Oggi c’è una grande esigenza
a tutti i livelli della Società
di avere il maggior numero di informazioni
circa le possibilità preventive, terapeutiche e riabilitative
di malattie oculari, rispetto a quelle che una visita oculistica
di routine può fornire. Esistono anche il desiderio
e la necessità di conoscere al meglio le possibilità
di assistenza sanitaria per ogni realtà riabilitativa.
LINEA VERDE
Numero telefonico : 800 068506
La Sezione Italiana dell’Agenzia Internazionale per la Prevenzione della Cecità, nel quadro della
sua costante azione promozionale, con lo scopo di diffondere la cultura della prevenzione delle
patologie oculari, ha dato il via ad una LINEA VERDE DI CONSULTAZIONE GRATUITA, aperta
a tutti coloro che chiamano da una postazione telefonica fissa situata in territorio italiano.

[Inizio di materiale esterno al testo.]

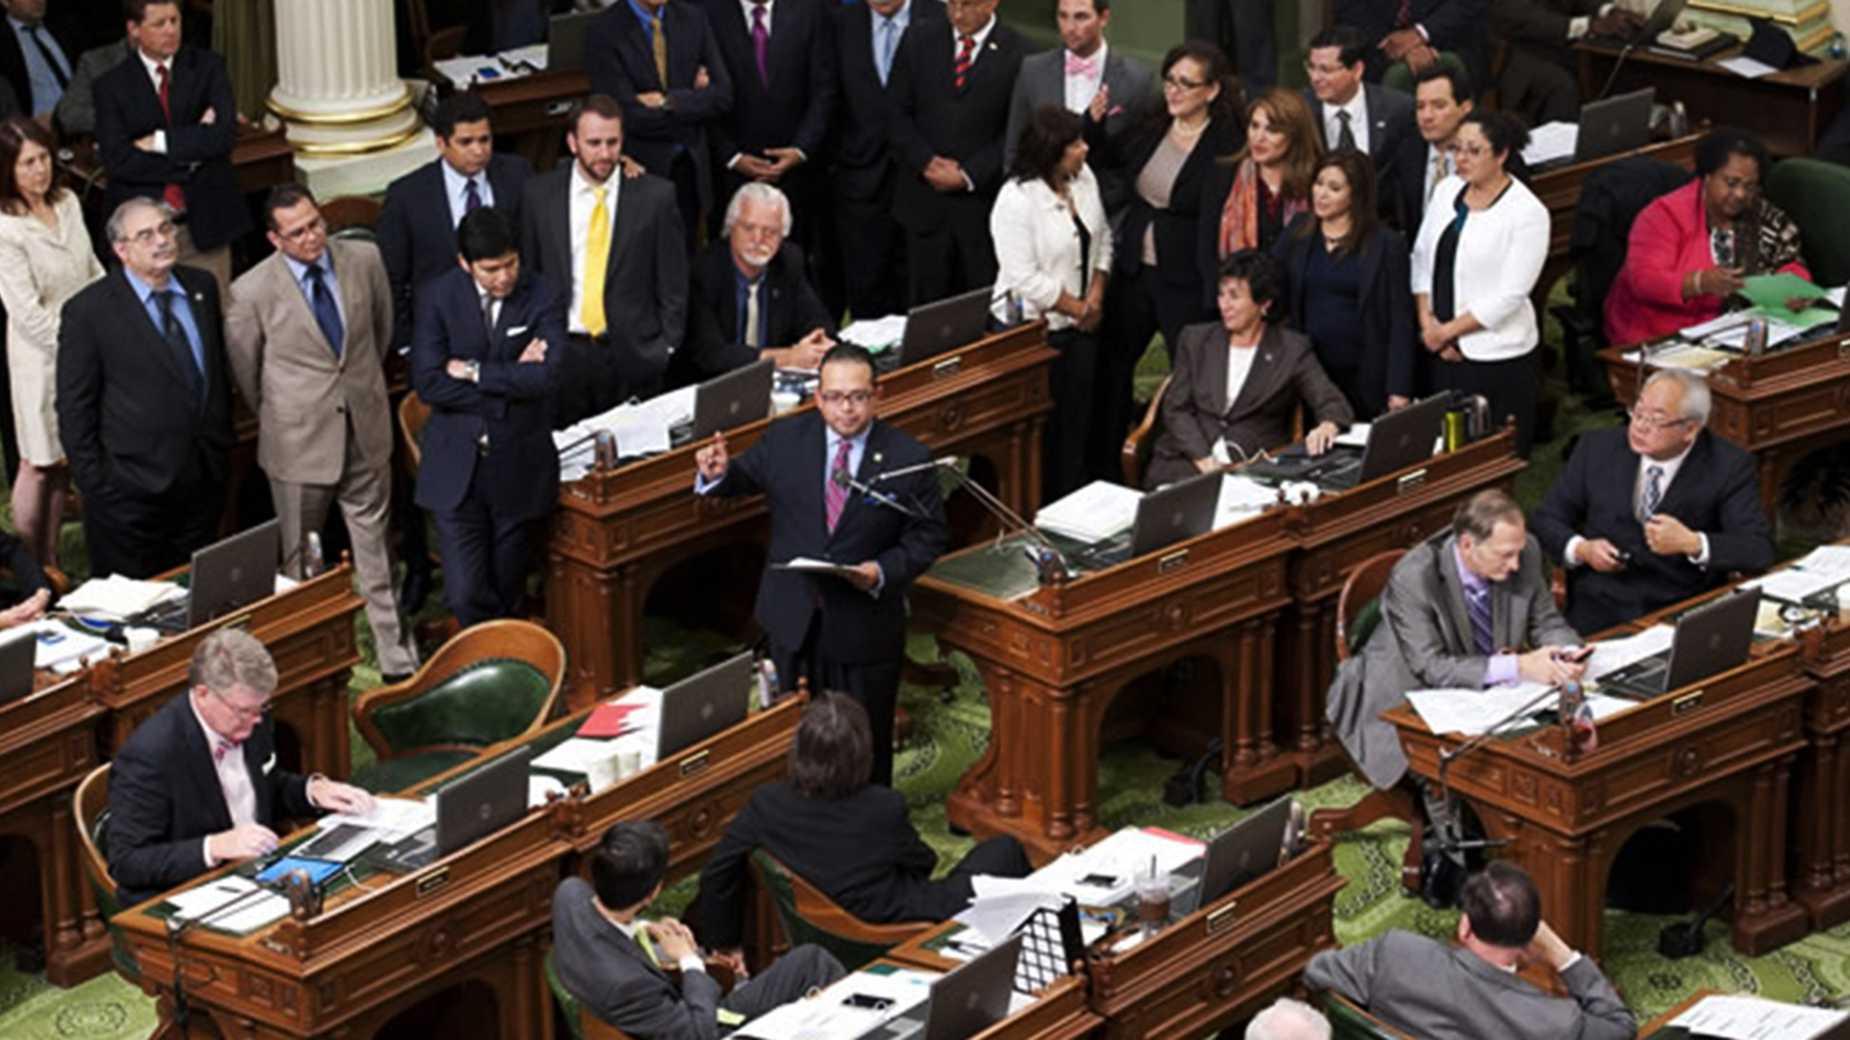 Assemblymember Luis Alejo

La linea verde funzionerà per due ore e trenta nei giorni feriali
dalle ore 10 alle ore 12,30 dal lunedì al venerdì
Sarà possibile consultare un medico oculista, al quale esporre il proprio problema ed ottenere i
suggerimenti necessari.
La speranza è che questa iniziativa contribuisca a diffondere ulteriormente la coscienza della
prevenzione, concetto che incontra tutt’ora un non facile accesso nella mentalità civica e soprattutto
delle categorie più a rischio (i giovanissimi e gli anziani).